Is Greg's second picture N. Twin or is it Peak Above the Nubble?


----------



## thetrailboss (May 18, 2006)

I'd say Osceola as well...just not the East Peak.  Not worth it unless peak bagging.  Incredible vista at the top.


----------



## MichaelJ (May 18, 2006)

MtnMagic said:
			
		

> YOne hike I keep thinking of that is 8.3 miles r.t., remote, seldom visited, with spectacular views is Roger's Ledge in the Kilkenny. After these days of rain, I'm certain it is muddy right now.



Even in the middle of a dry August, the Kilback Pond area of the Kilkenny was deep mud. However, it's possible to get to Rogers from South Pond or from the Hatchery without going through that area. The views are indeed, beautiful.


----------



## Greg (May 18, 2006)

MichaelJ said:
			
		

> Is Greg's second picture N. Twin or is it Peak Above the Nubble?


N. Twin on the right and the ridge leading to South Twin on the left. Here's a broader view:






Oh and while I'm at it, here's Hale from Middle Sugarloaf:


----------



## riverc0il (May 18, 2006)

thetrailboss said:
			
		

> I'd say Osceola as well...just not the East Peak.  Not worth it unless peak bagging.  Incredible vista at the top.

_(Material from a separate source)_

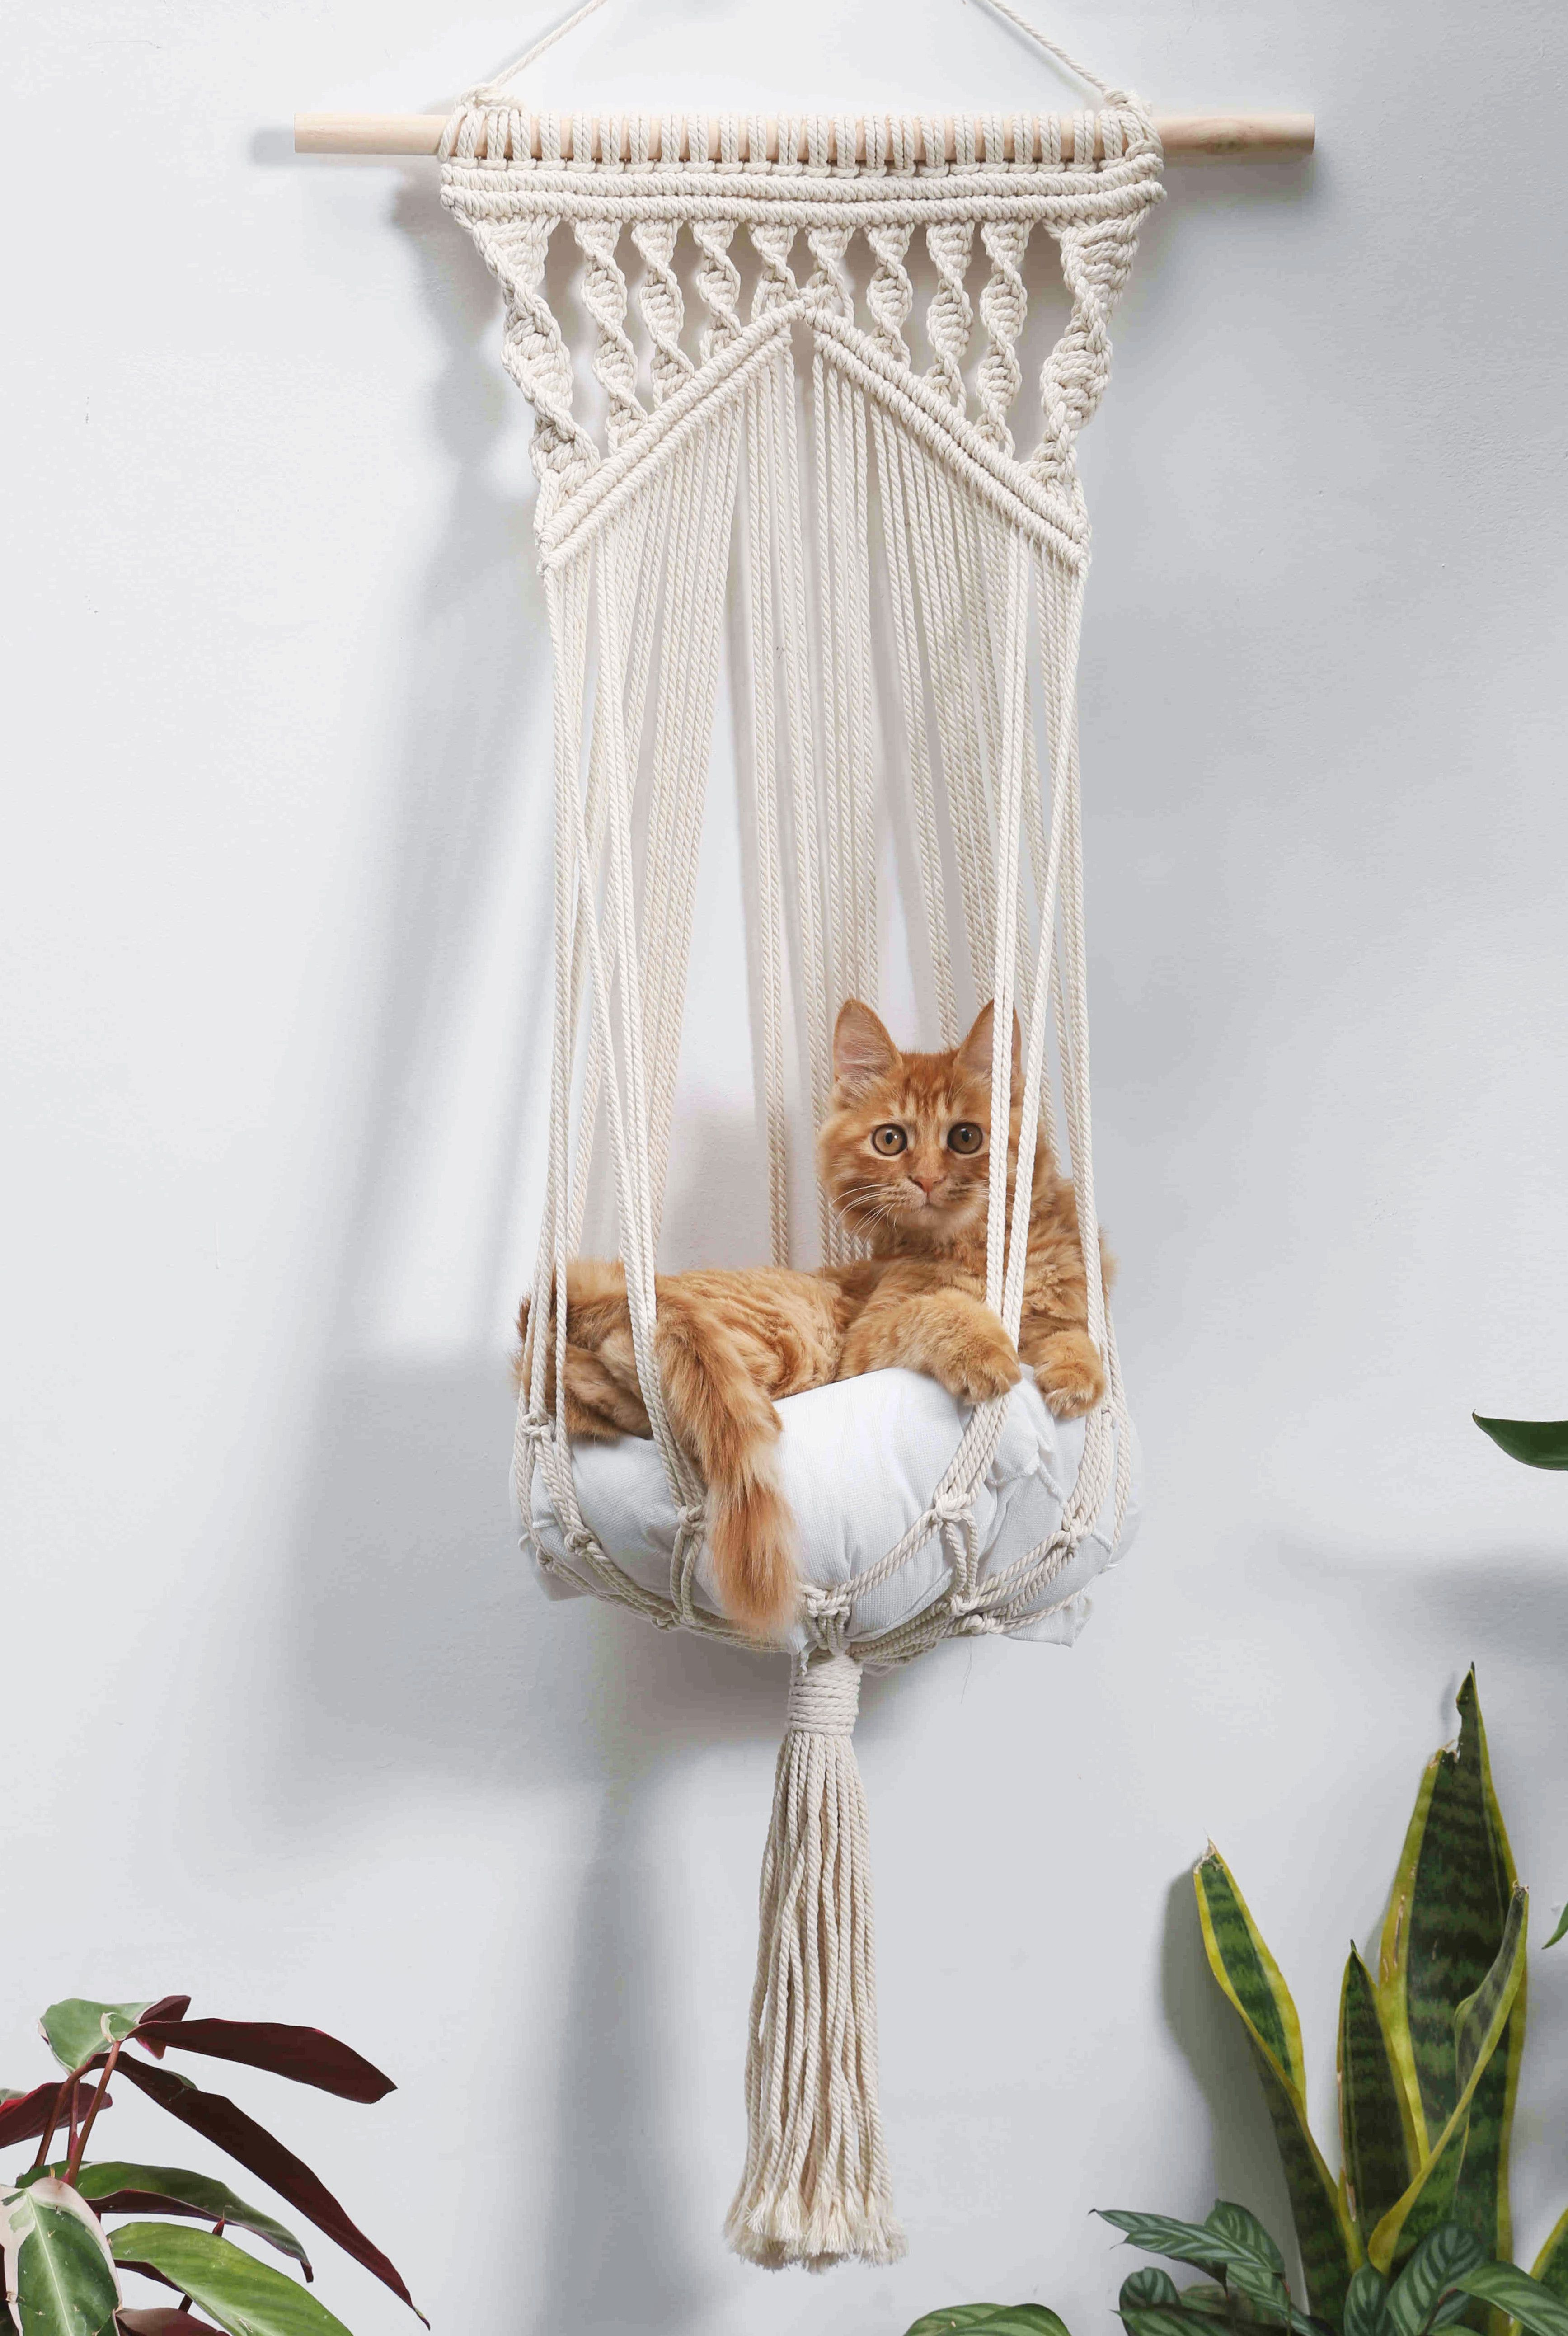 Macrame Cat Hammock Woven Wall Hanging Dog Bed Dip Dye Macrame Etsy In 2020 Woven Wall Hanging Diy Stuffed Animals Cat Hammock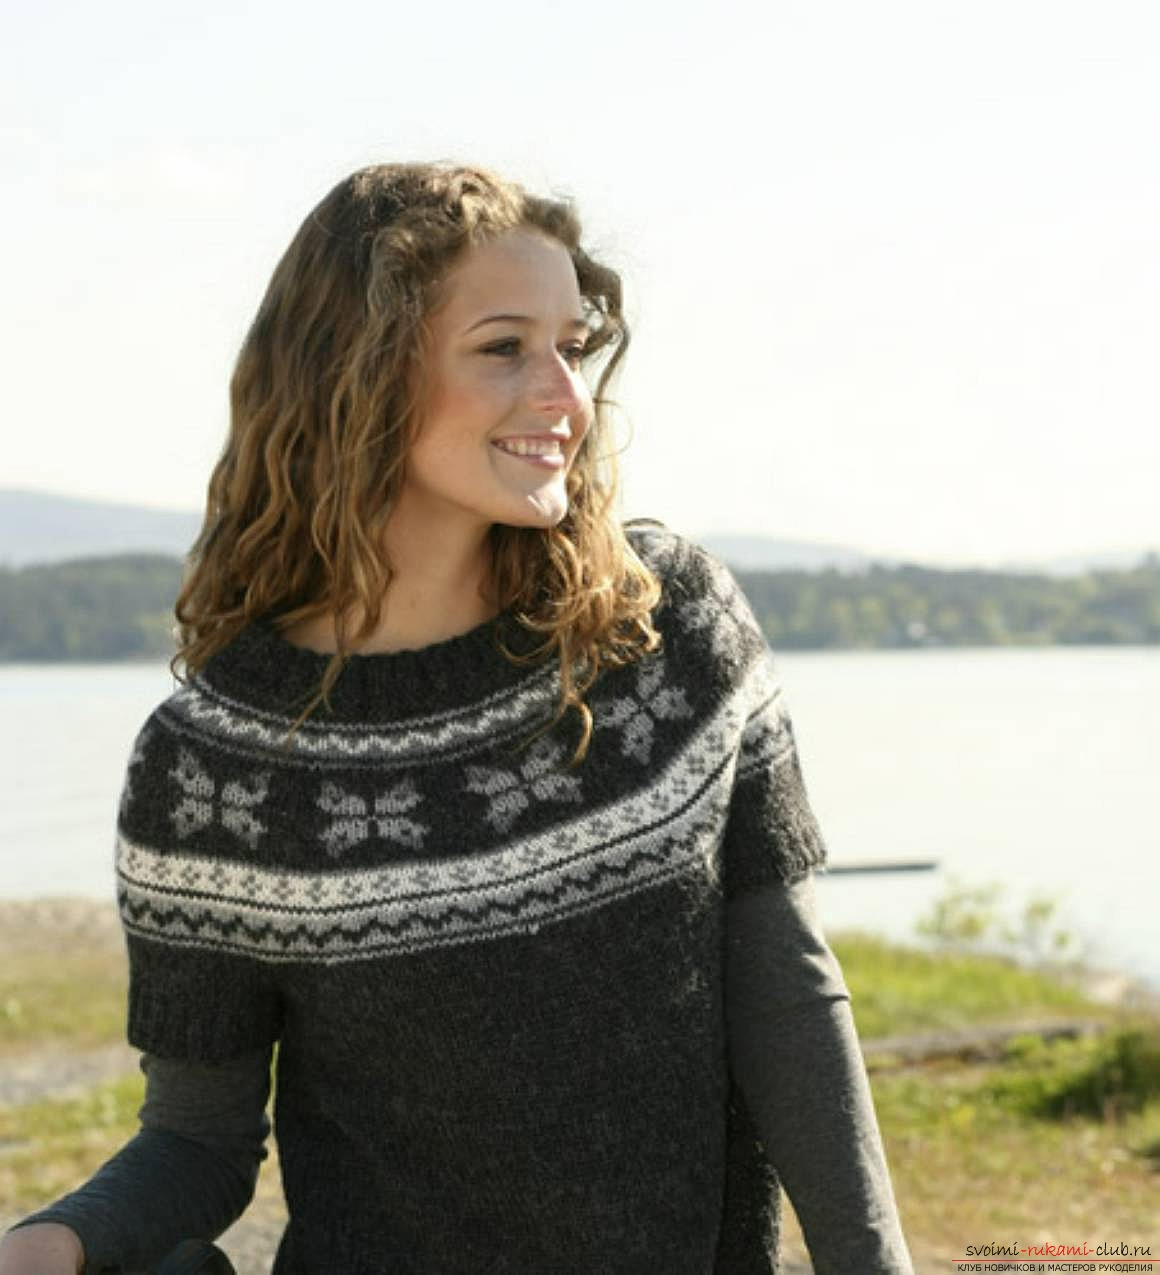 вязаный на спицах женский свитер с норвежским узором. Фото №3

i really enjoy the entire osceola loop going counter clockwise through greeley ponds and up east osceola. i am not a peak bagger, but think this is a great loop. though probably not worth tagging east O if you are coming up from tripoli road for osceloa, though the chimney is interesting and there are some views through the trees to the north in the col.  obviously the dog wouldn't be doing the chimney, but the full loop is just under 8 miles as i recall but involves a short road walk if you park at greeley ponds trailhead.


----------



## Vortex (May 18, 2006)

I think that  hike is about 10 miles as I remember.  Could be wrong.  I  did it with Mike P over memorial day last year.  Was snow at the top of east. I started at Osceola Mike P started at Mt tecmseth(sp) I dropped him there. and he did West as well  and  then he road hiked to Osceola.  I left my car at Osceola. He left his at greeley ponds.  My portion was 7 hours.


----------



## Mike P. (May 19, 2006)

8-10 mile hikes not too rough:

Pierce & Jackson

Pierce & Ike (either need two cars or road walk a bit or out & back on C-Path

Garfield, not a loop but one of the best Views in the whites.
Hale up Hale Brook, down Lend-a hand & past hut, 1 mile road walk on Zealand Road, I've done this & the road walk after Edmands Path & Zealand is a nicer safer walk 

The whole Osceola loop or even hitting East requires you to go up & down the Chimney or use the bypass which is still not easy, Osceola is easy.

Carrigain via Signal Ridge, do not use Desolation Trail if you want easy although it would be a loop.

While Flume & Liberty via Liberty Springs & F-Ridge (not Flume Slide) might not be difficult, there is some tougher terrain getting up & down Liberty heading towards Flume, not hard really but not just walking either

Moosilauke, I swear the DOC make the Freshman move the big rocks out of the way.  Beaver Brook is steep, nice loops from the DOC Lodge.


----------